Today he called on the public to join him, saying it was particularly important for Sheffield.

Jon said: “I think we've got to do everything we can to safeguard the industry because it provides so many jobs and is also literally Sheffield’s heritage. It's the thing Sheffield was founded upon and influences in so many ways the music that has come from the city.

Jarvis Cocker has got a great theory: He says the bass is louder in Sheffield music because we all practice right next to the steelworks. Martyn Ware from Heaven 17 and Human League talks about music concrète. It is this idea that the early synthesiser music, the birth of British electronica, come to sort of sound like the drop forges in the steelworks that we heard growing up.”

Jon, whose band hits including Heavy Weight Champion of the World, He Said He Loved Me, and this summer’s Top 10 album, Heatwave in the Cold North, said he agreed with Unite’s calls to transform and secure the steel industry.

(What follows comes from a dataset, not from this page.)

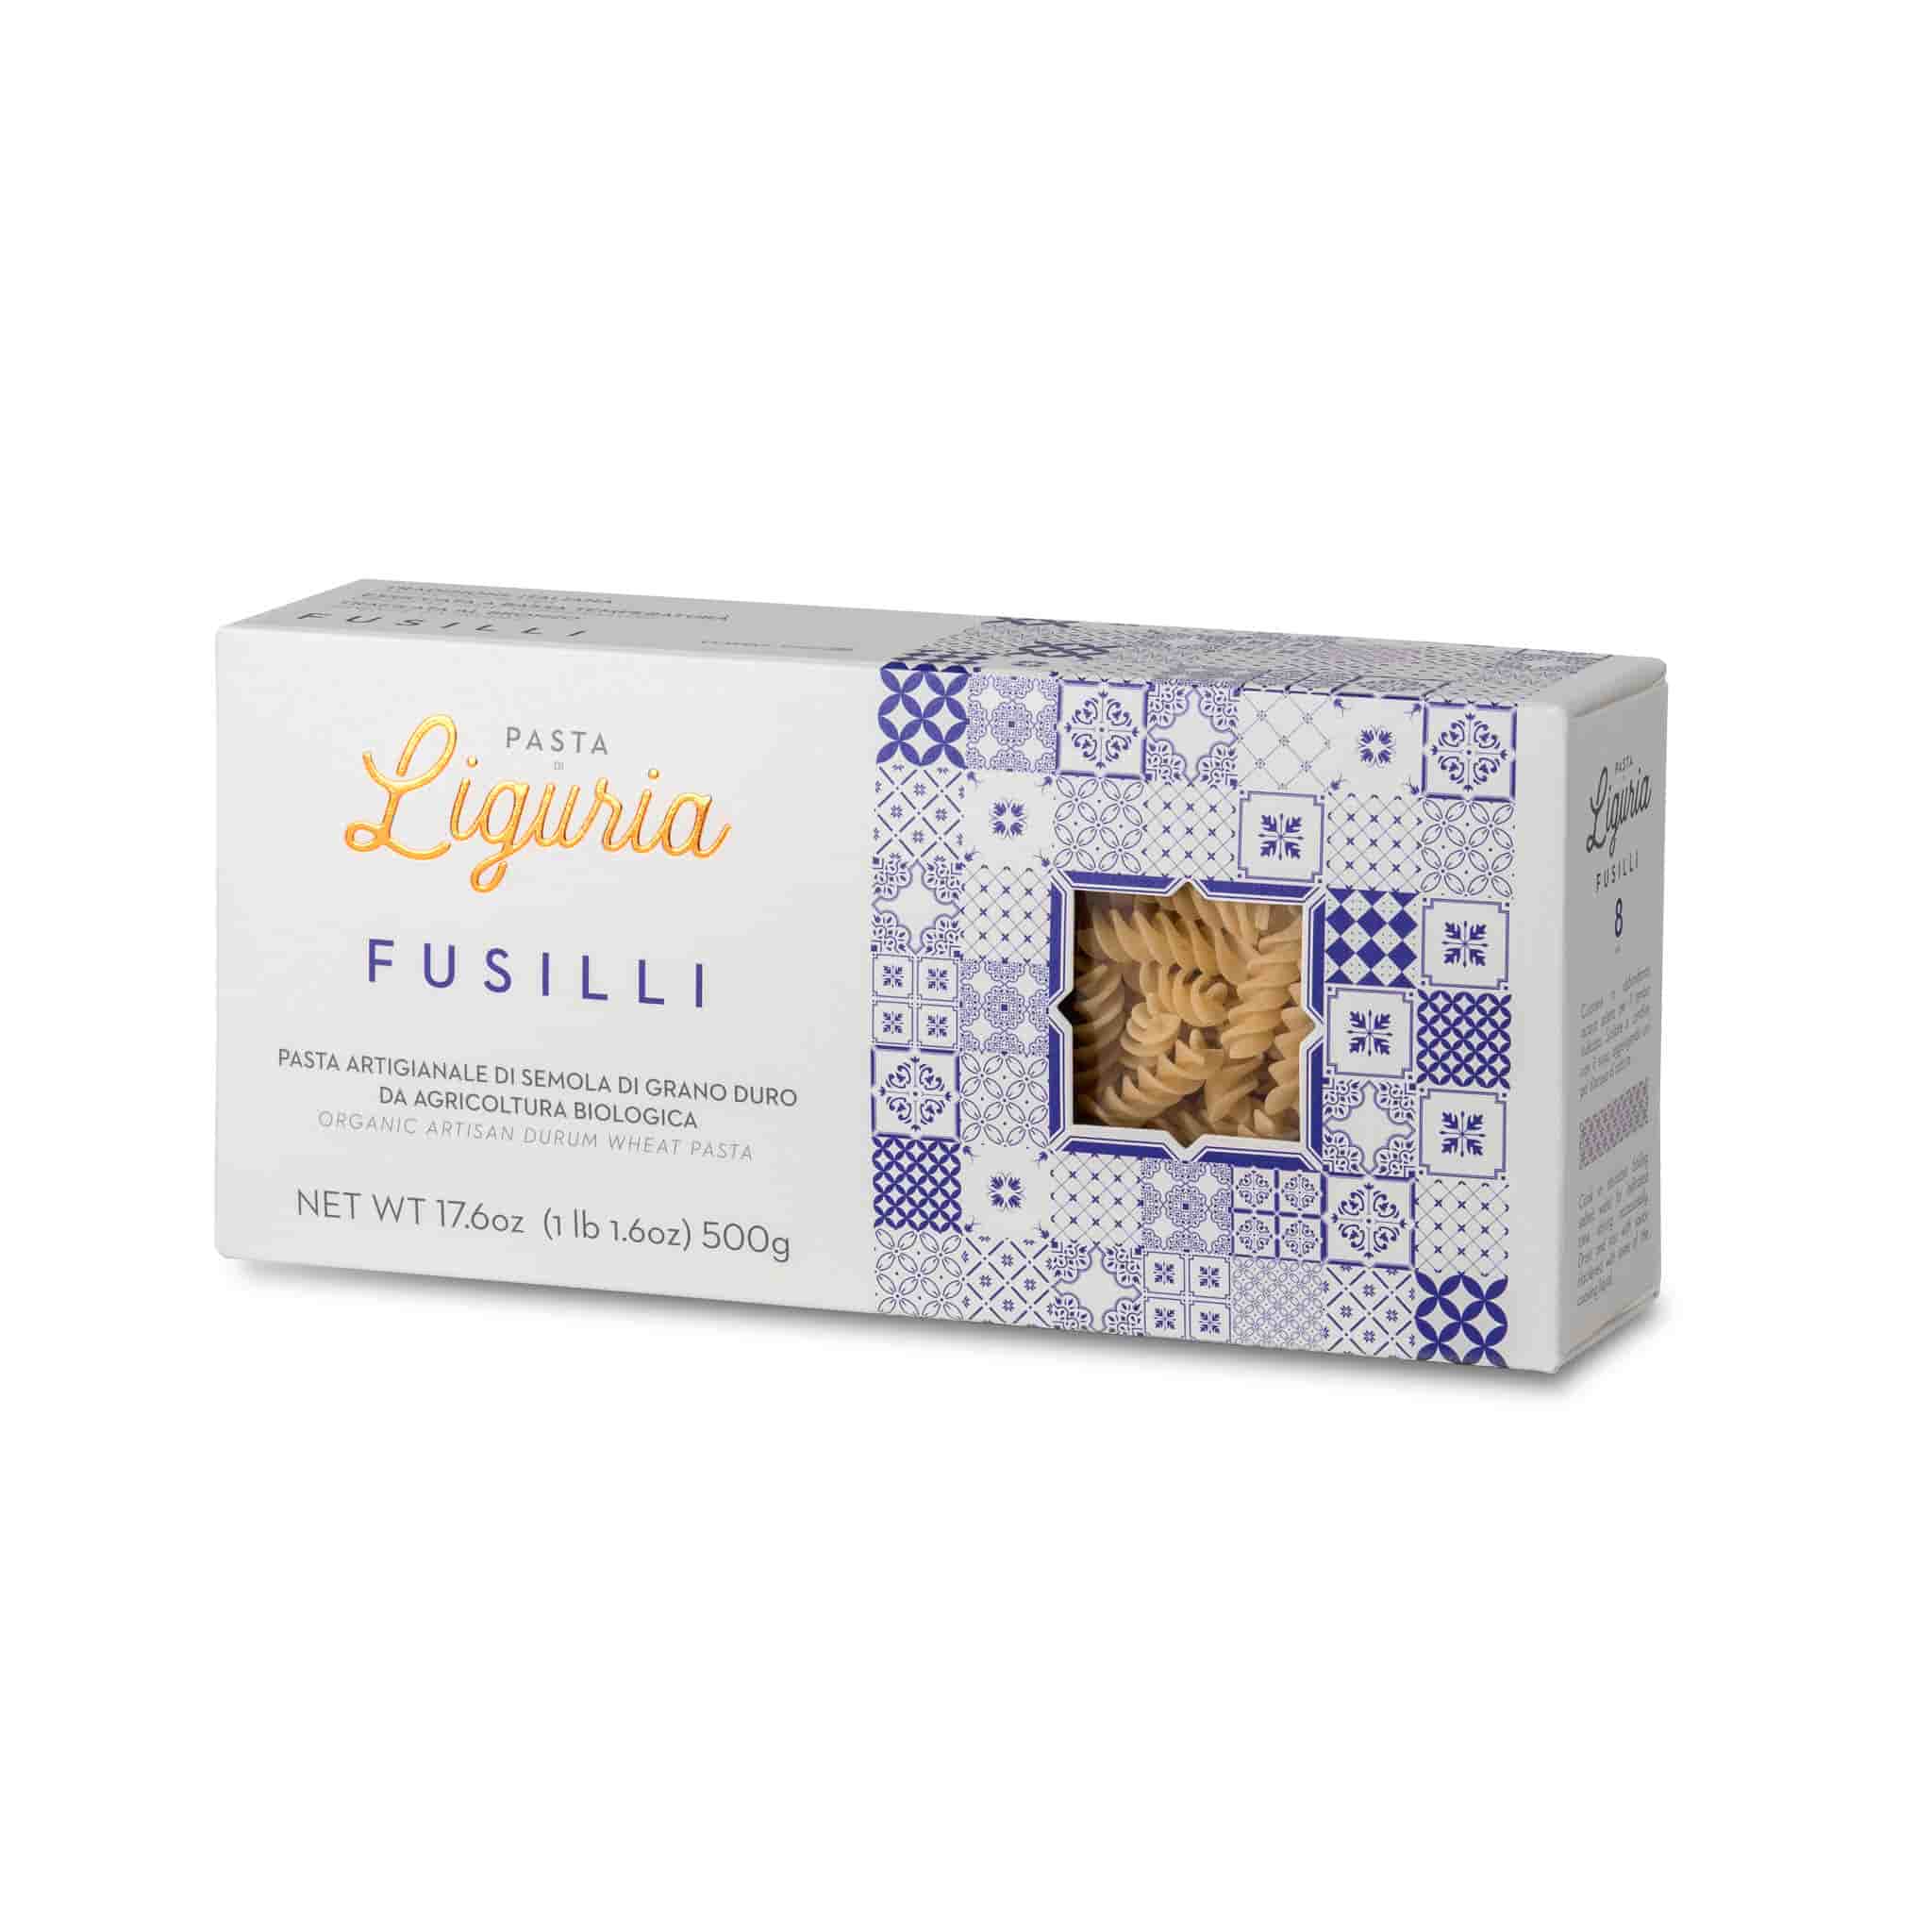 Pasta Liguria Fusilli, 500g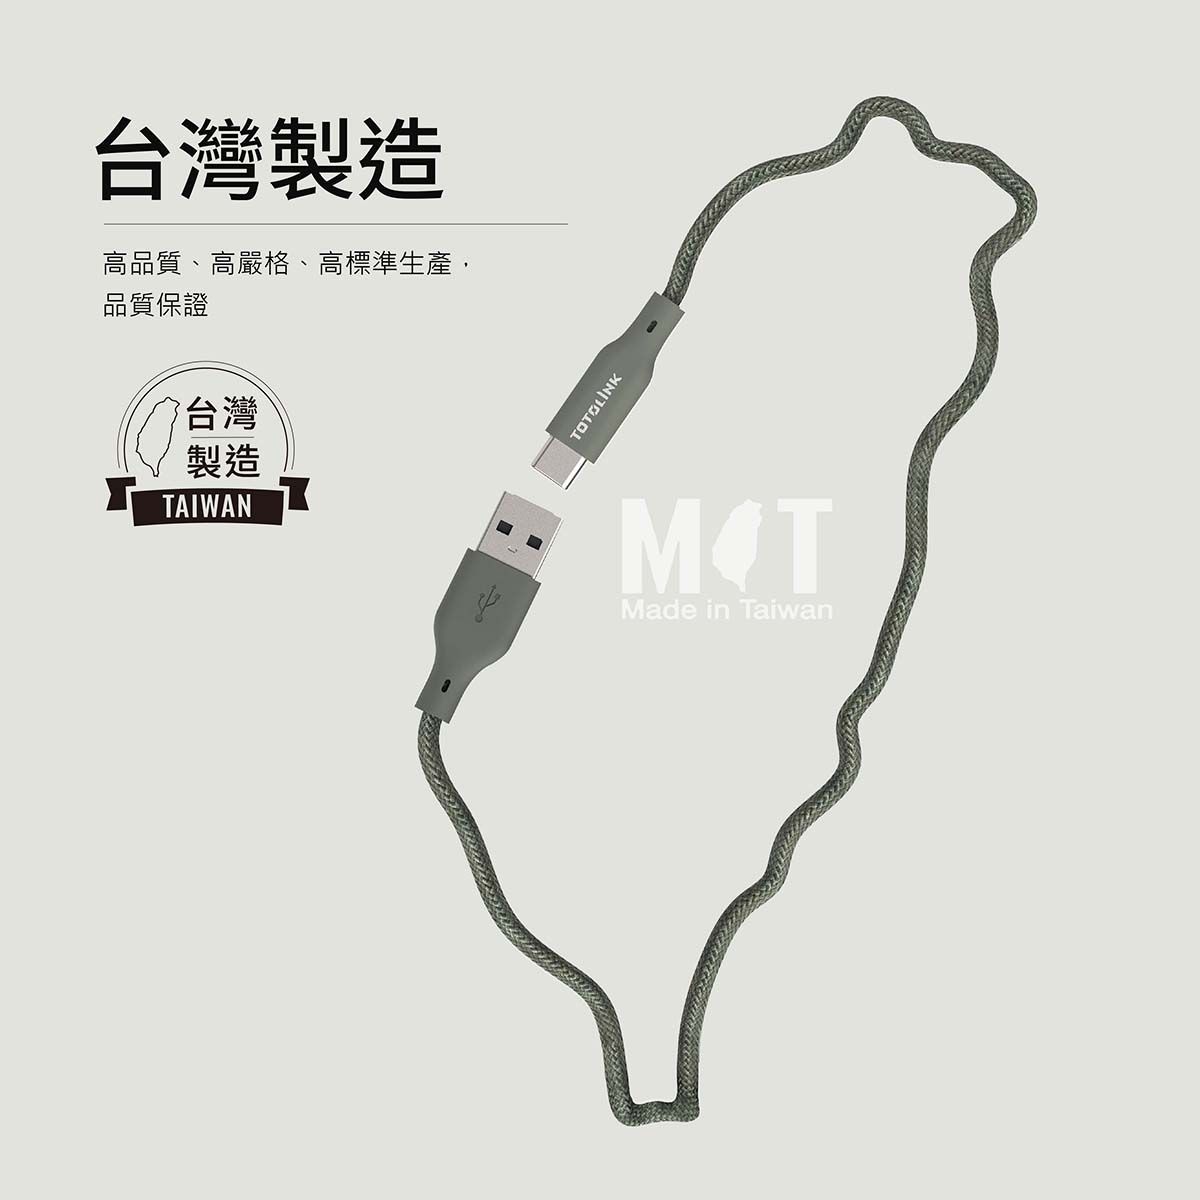 台灣製造高品質、高嚴格、高標準生產,品質保證台灣製造TAIWANMade in Taiwan

He said: “I think the main issues are firstly procurement, I mean I can't understand why we're not using British steel for everything that we build in this country. That seems logical to me.

“Second issue is to, tackle energy prices, which I think are obviously soaring out of control. For me, things like public ownership is a solution to this and I can’t understand why we’ve not looked into that.”

Unite is Britain and Ireland’s largest union with members working across all sectors of the economy.

It is campaigning with voters in key steel towns, including Sheffield, Scunthorpe, Port Talbot and Middlesbrough, to demand politicians from all parties commit to the union’s Workers’ Plan for Steel. A petition calling on all UK political parties to support the plan has already reached more than 10,000 signatures.

Unite general secretary Sharon Graham said: “Unite’s Workers’ Plan for Steel shows politicians have the opportunity to make the UK a world leader in steel production – we will be doing everything in our power to make sure they grasp it.”

The plan makes key demands that if delivered would make Britain a world leader in steel production.

Unite is campaigning to urge steel community voters to join in the union’s call for politicians to commit to four pledges:

1. Change procurement rules to let UK public contracts use 100 per cent UK steel. This alone can create 8,000 jobs.

2. Public investment for a Steelworkers’ Transition Plan with NO loss of jobs. Phased workers’ transition to Green Steel – while doubling capacity to rebuild our industry and grow jobs. The investment needed is £1 billion per year over 12 years and it will pay for itself with increased revenue.

3. Tackle energy prices. Bring in electricity price caps and public ownership of the grid to make our steel even more competitive.

4. Take a stake. No more money for nothing. Public investment for steel must come with solid job guarantees.